* **WHAT YOU HAVE TO DO**
Each line below should be repeated exactly as written, with no pictures carried over.

* **RECORDED DATA**
****

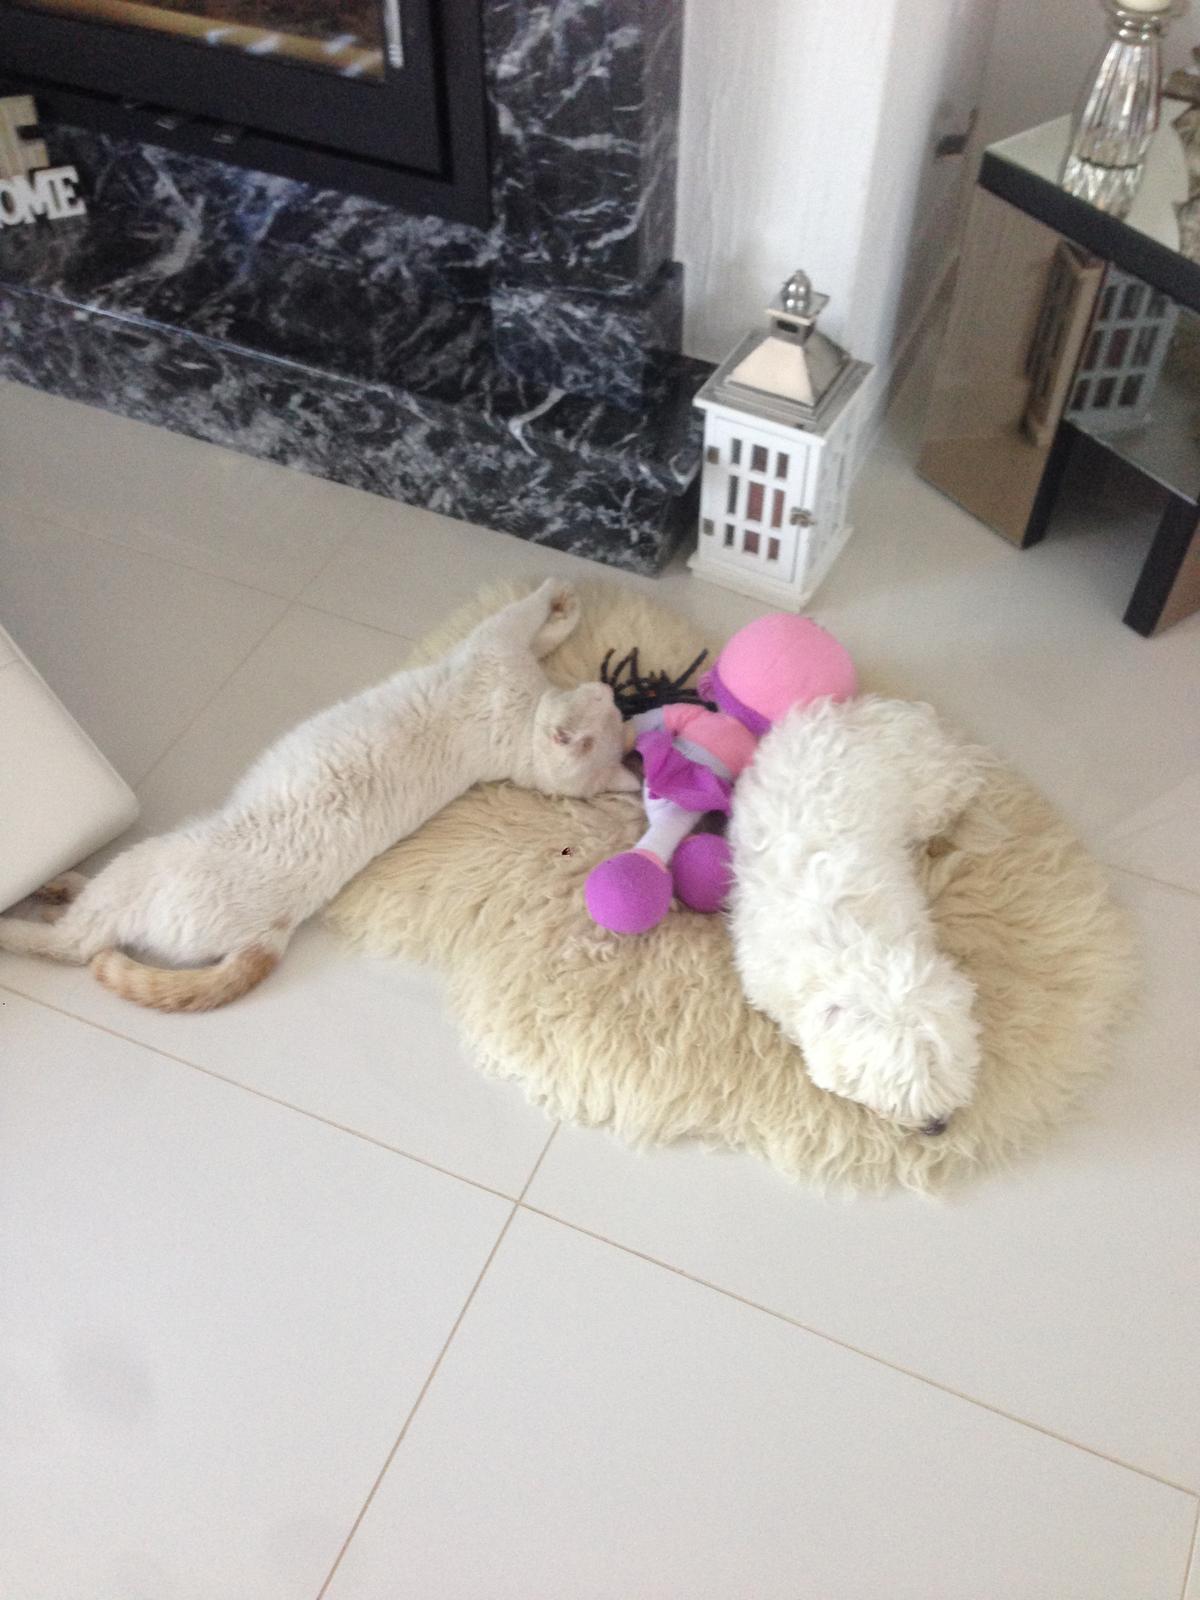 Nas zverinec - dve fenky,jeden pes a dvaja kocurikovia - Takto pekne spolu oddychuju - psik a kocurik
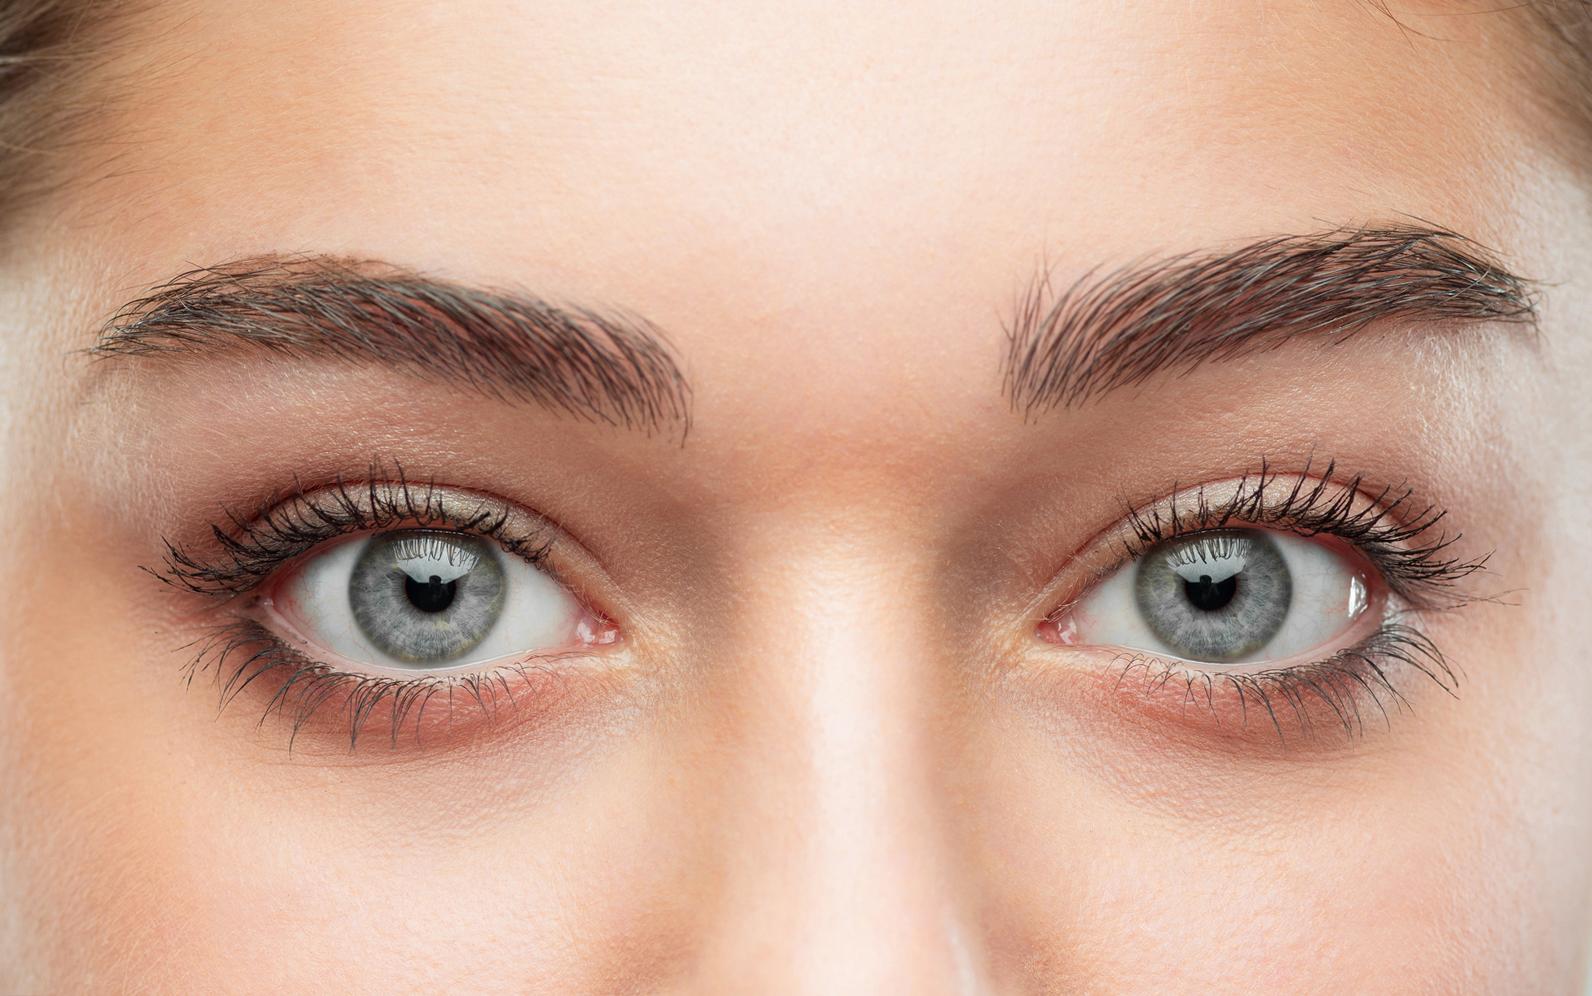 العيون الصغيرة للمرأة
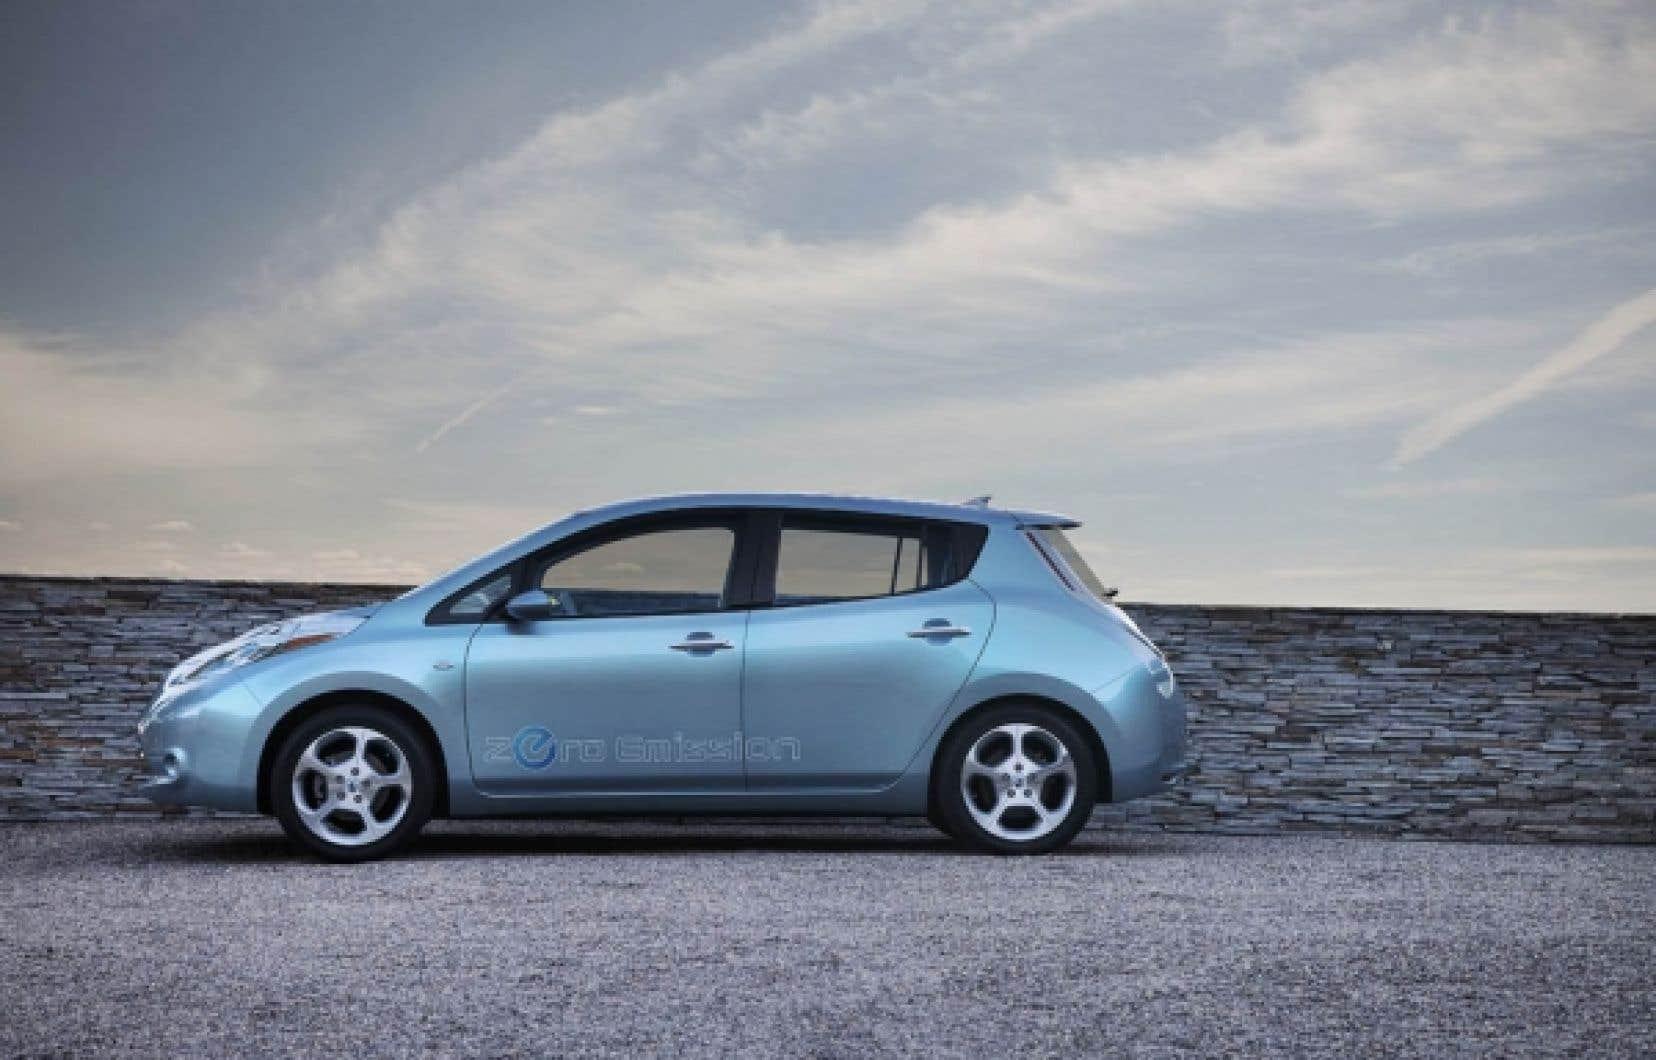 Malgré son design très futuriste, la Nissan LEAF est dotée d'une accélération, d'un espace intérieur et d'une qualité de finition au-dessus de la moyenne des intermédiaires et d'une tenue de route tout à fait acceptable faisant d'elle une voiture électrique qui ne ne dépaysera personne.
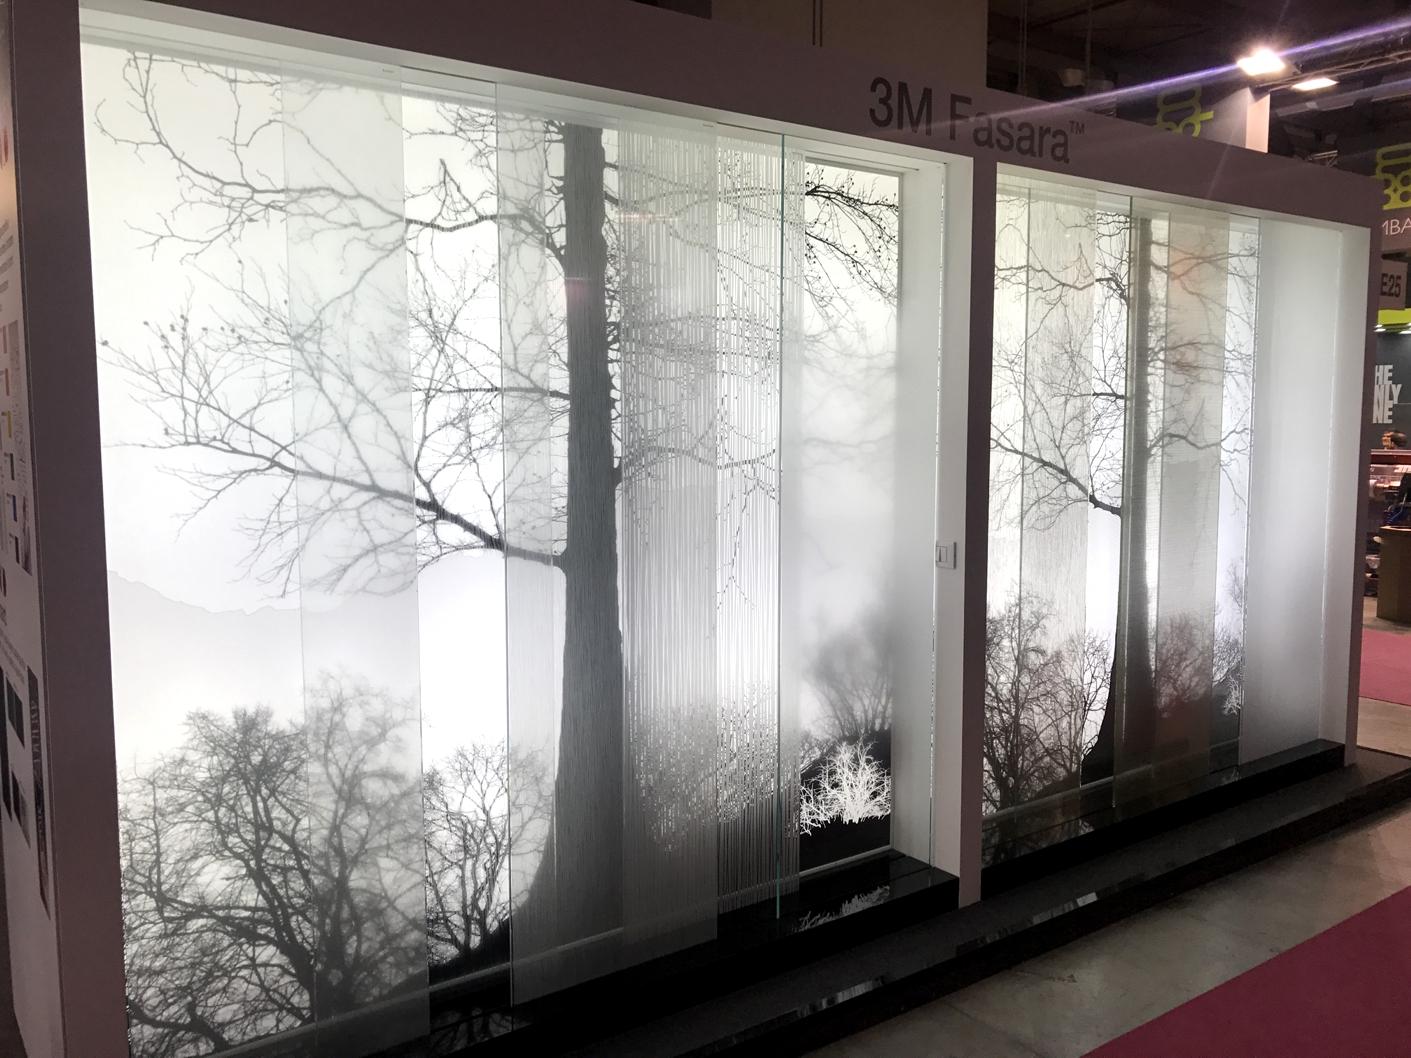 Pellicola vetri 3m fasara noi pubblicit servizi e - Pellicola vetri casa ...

****

* **RESULT FOR THIS TASK**
 Nas zverinec - dve fenky,jeden pes a dvaja kocurikovia - Takto pekne spolu oddychuju - psik a kocurik
 العيون الصغيرة للمرأة
 Malgré son design très futuriste, la Nissan LEAF est dotée d'une accélération, d'un espace intérieur et d'une qualité de finition au-dessus de la moyenne des intermédiaires et d'une tenue de route tout à fait acceptable faisant d'elle une voiture électrique qui ne ne dépaysera personne.
 Pellicola vetri 3m fasara noi pubblicit servizi e - Pellicola vetri casa ...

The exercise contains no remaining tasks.